§ DATASET EXCERPT:
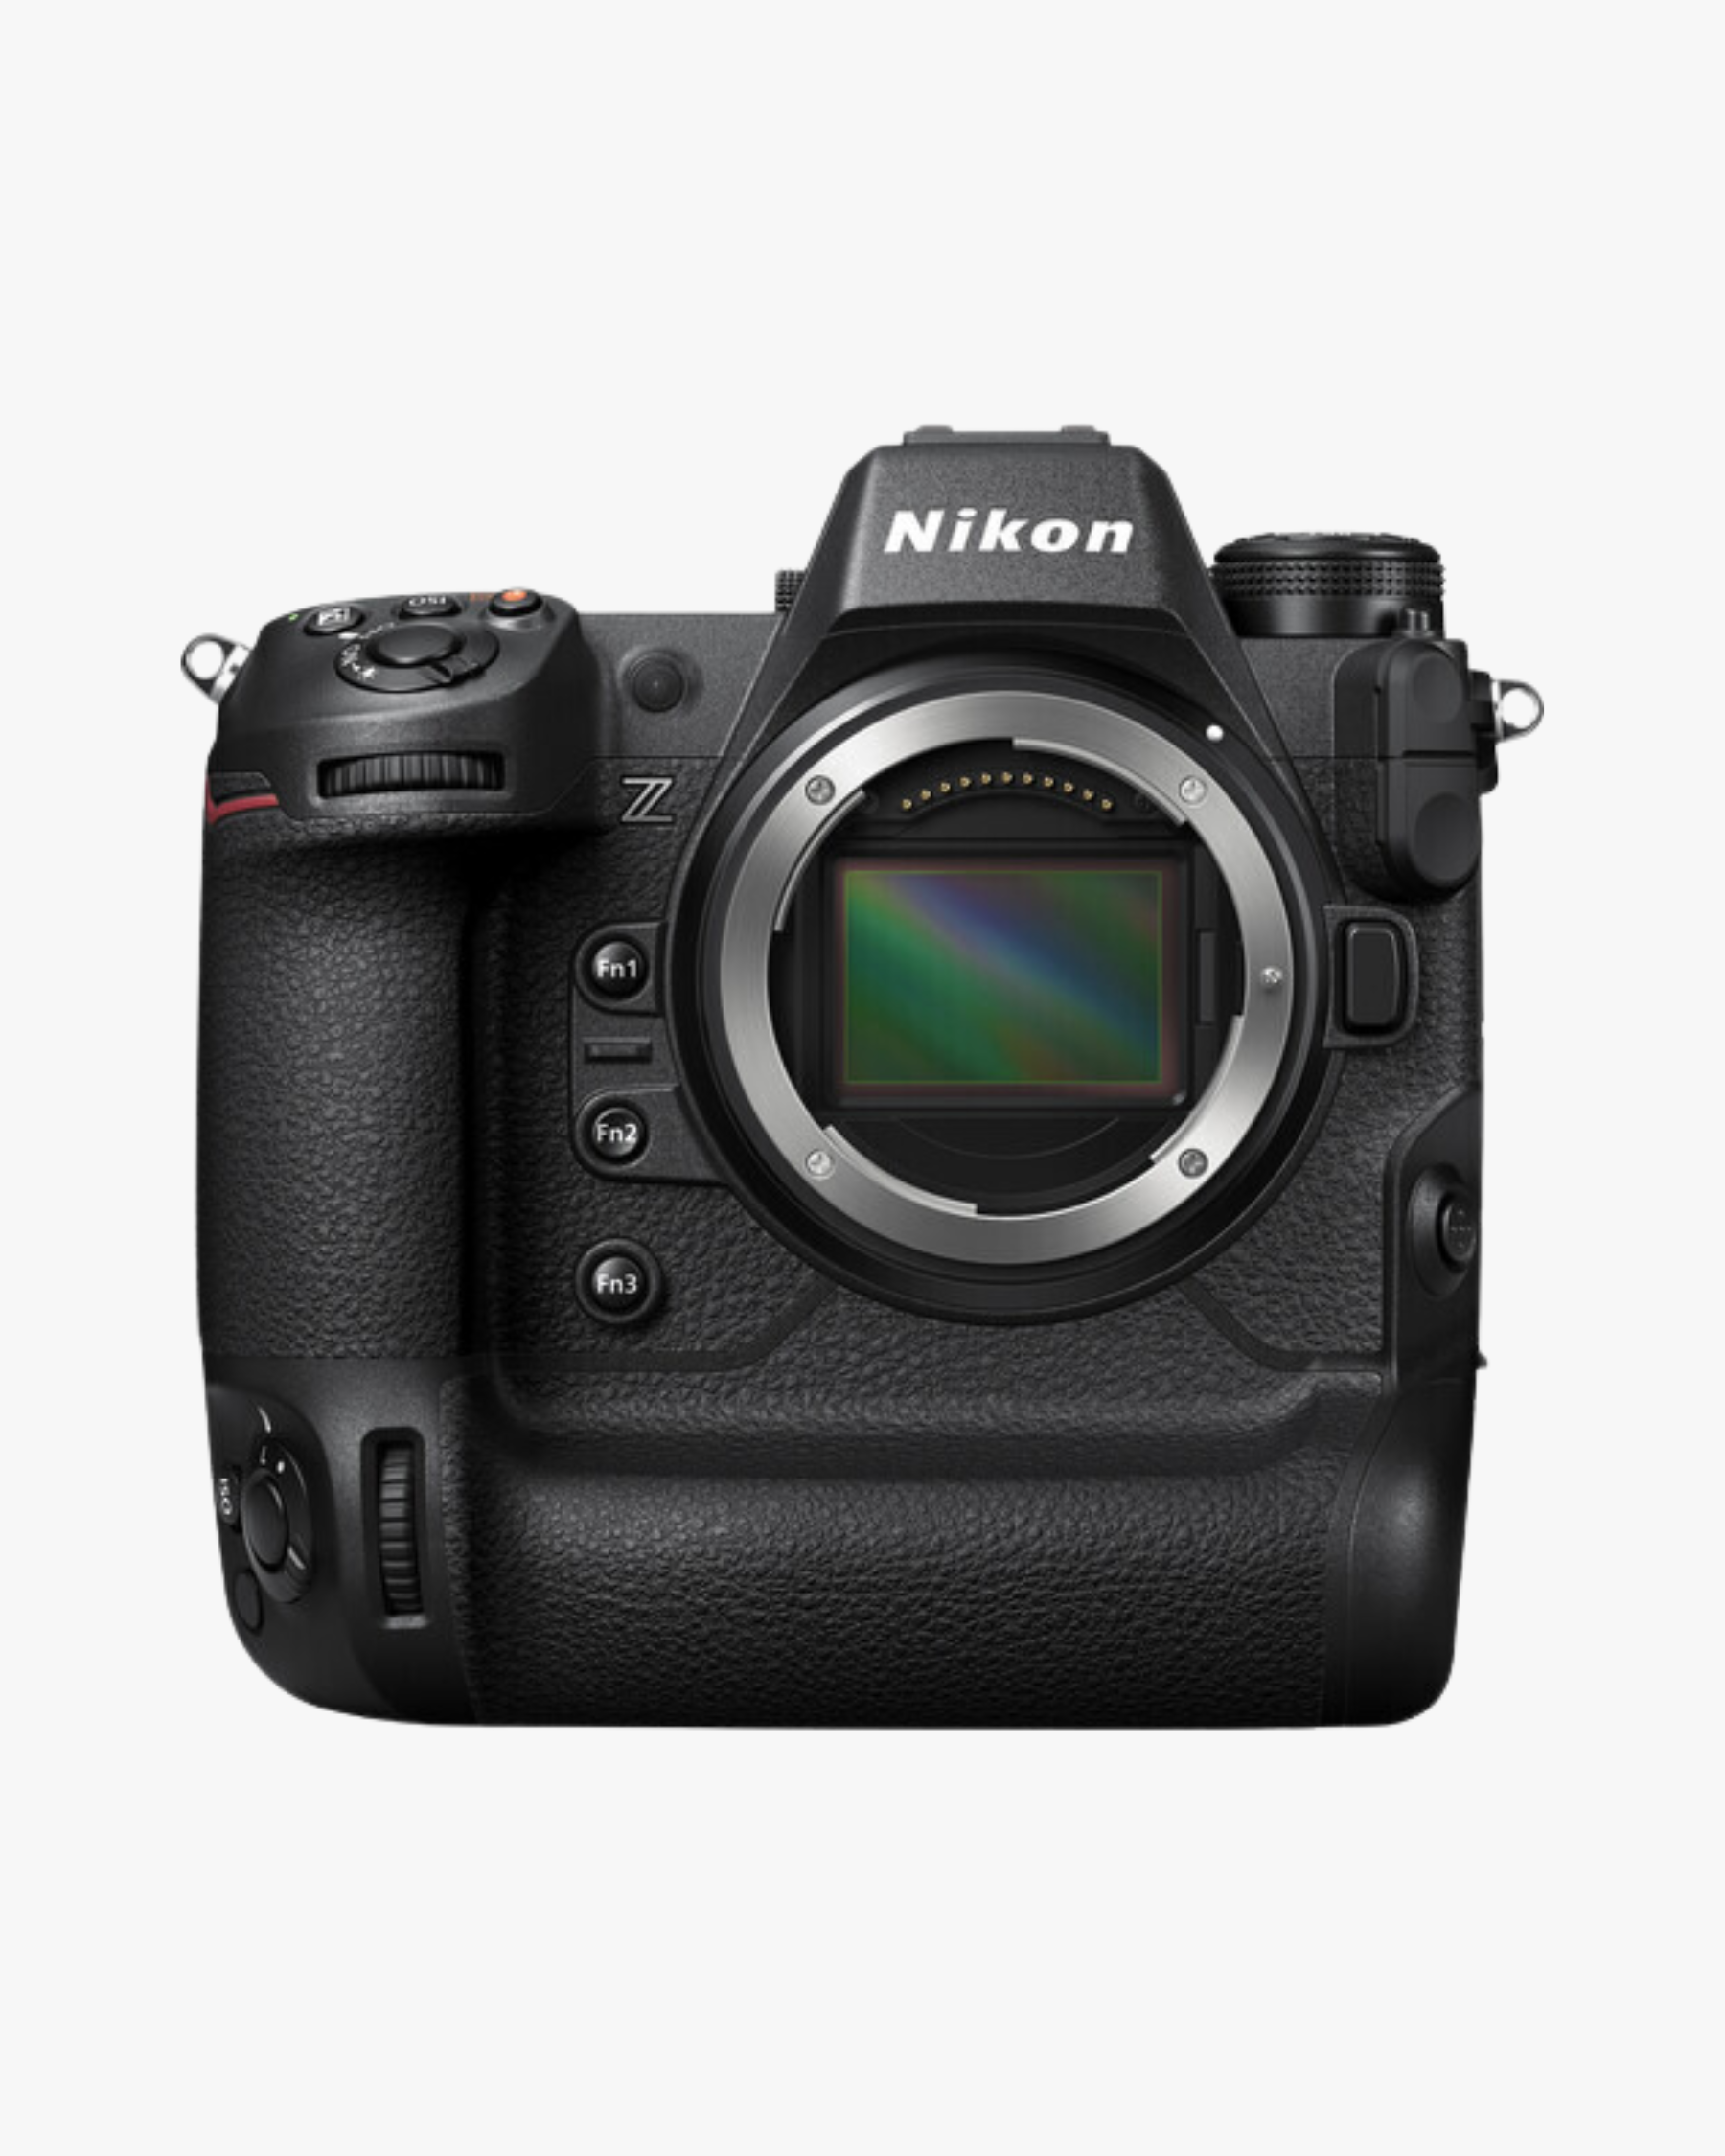 Nikon Z9 body
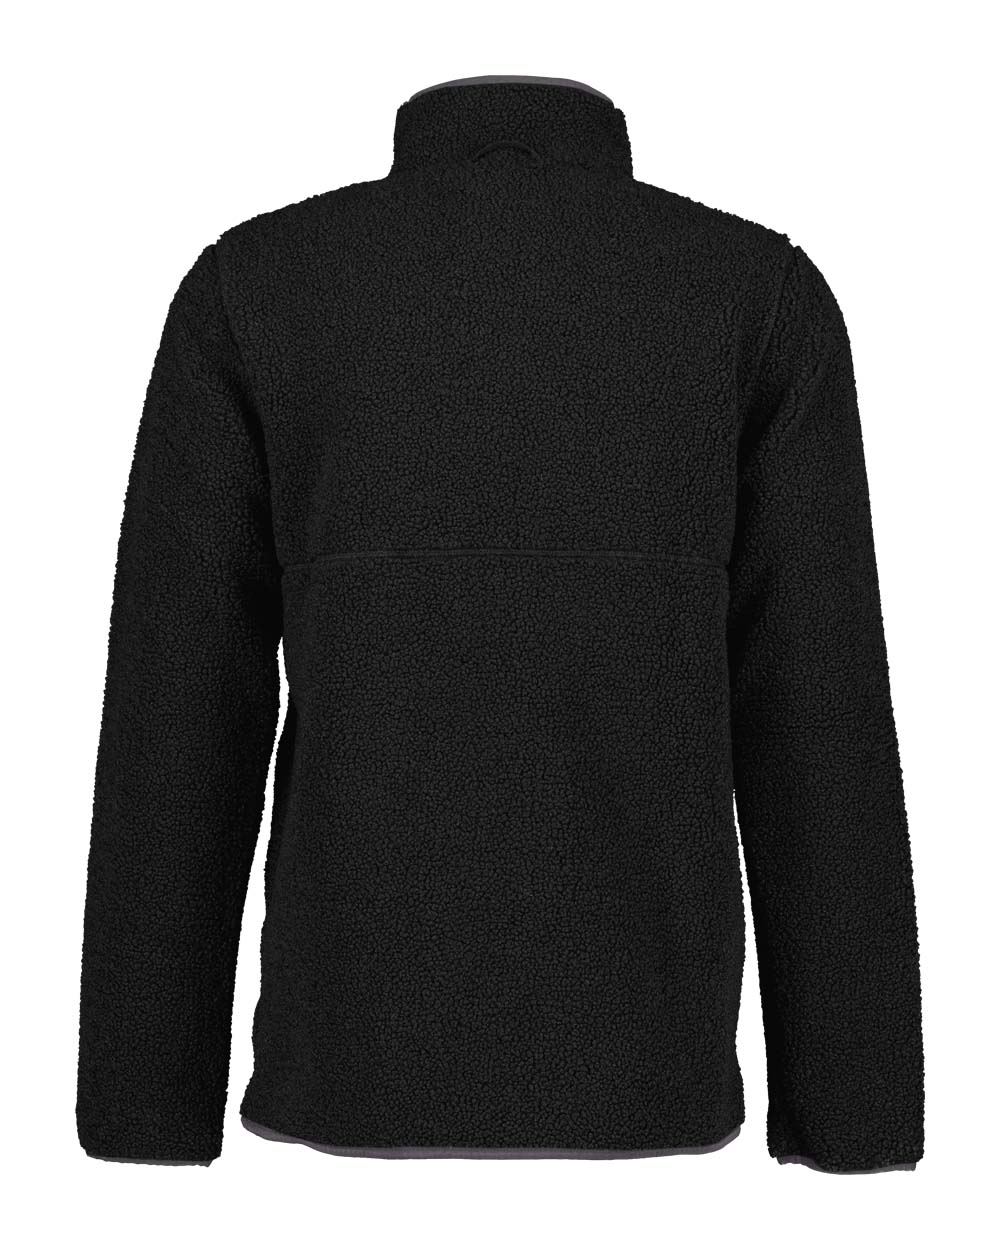 Black coloured Didriksons Full-Zip Jacket on White background 
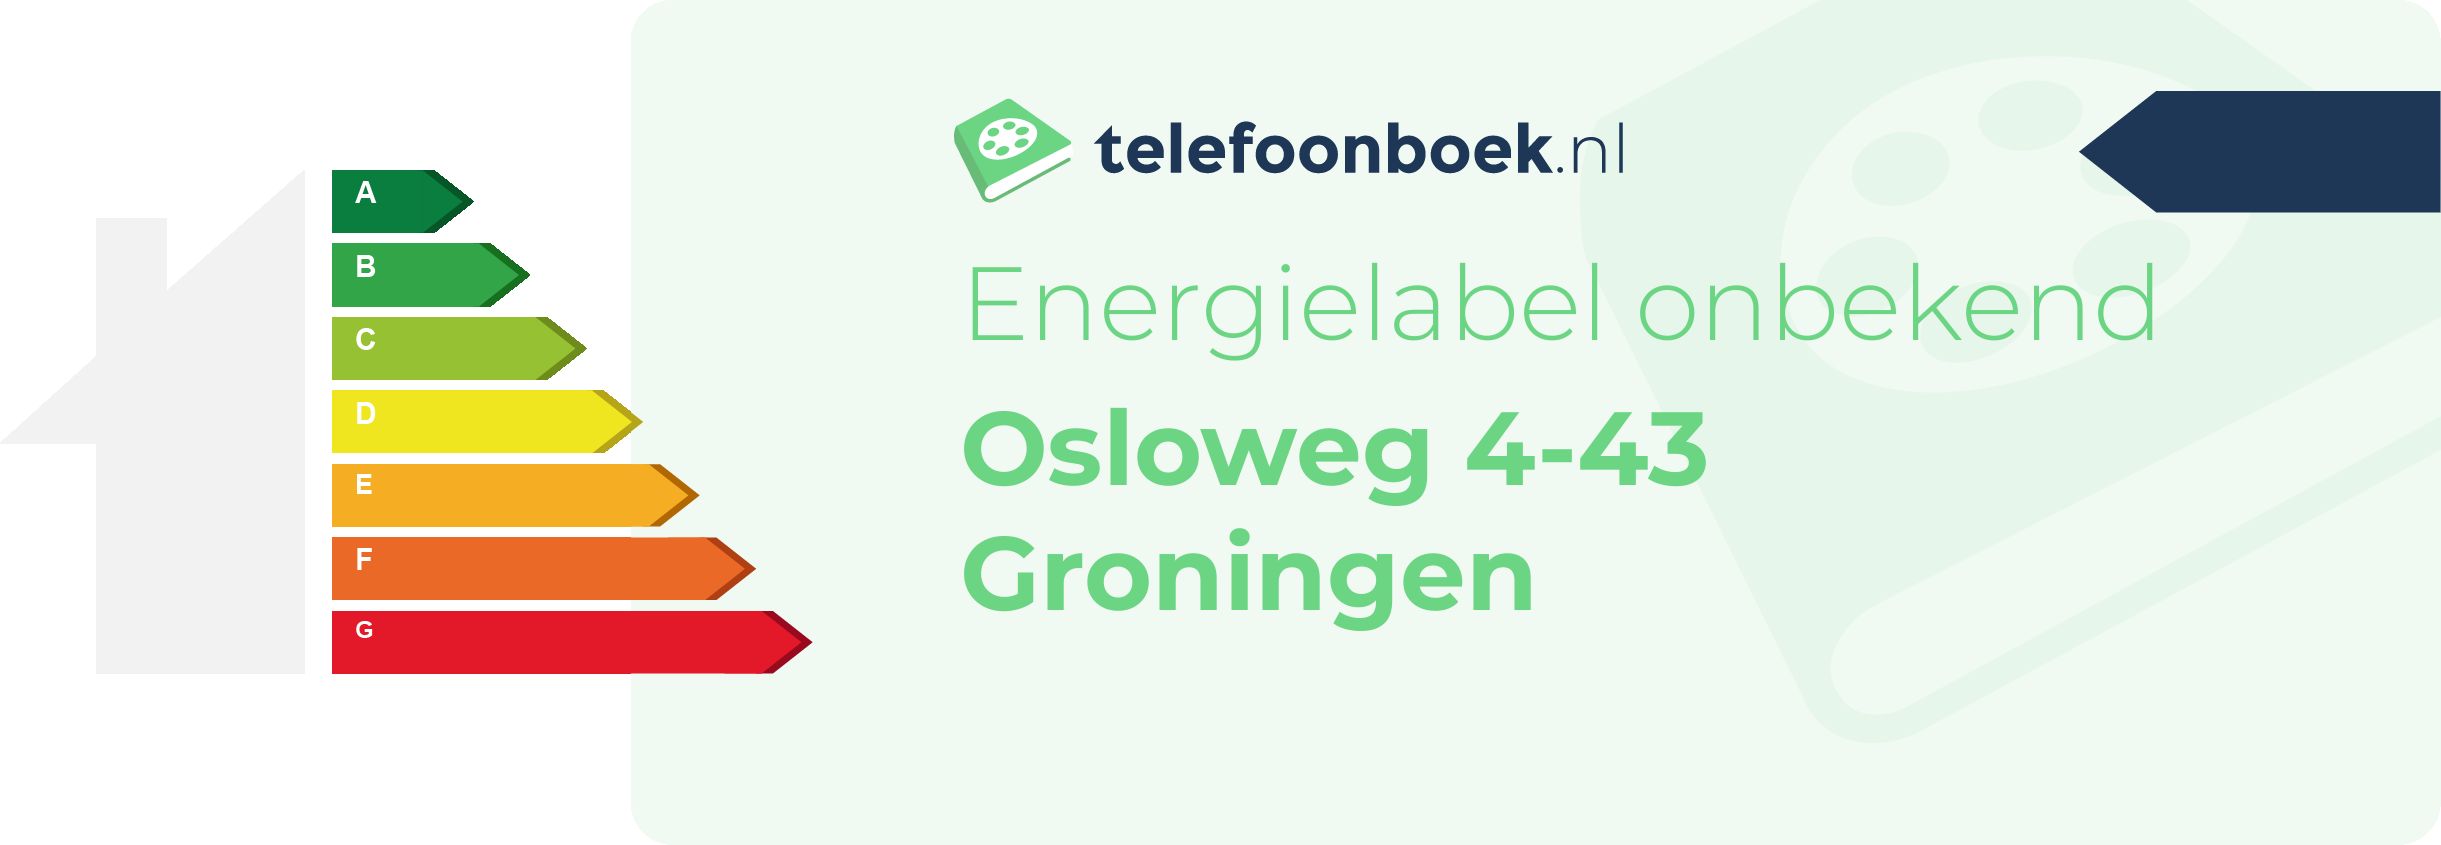 Energielabel Osloweg 4-43 Groningen

§ ASSIGNED TASK: Write down the full listing above exactly as it is, except for any images.

§ RESPONSE:
 Nikon Z9 body
 Black coloured Didriksons Full-Zip Jacket on White background 
 Energielabel Osloweg 4-43 Groningen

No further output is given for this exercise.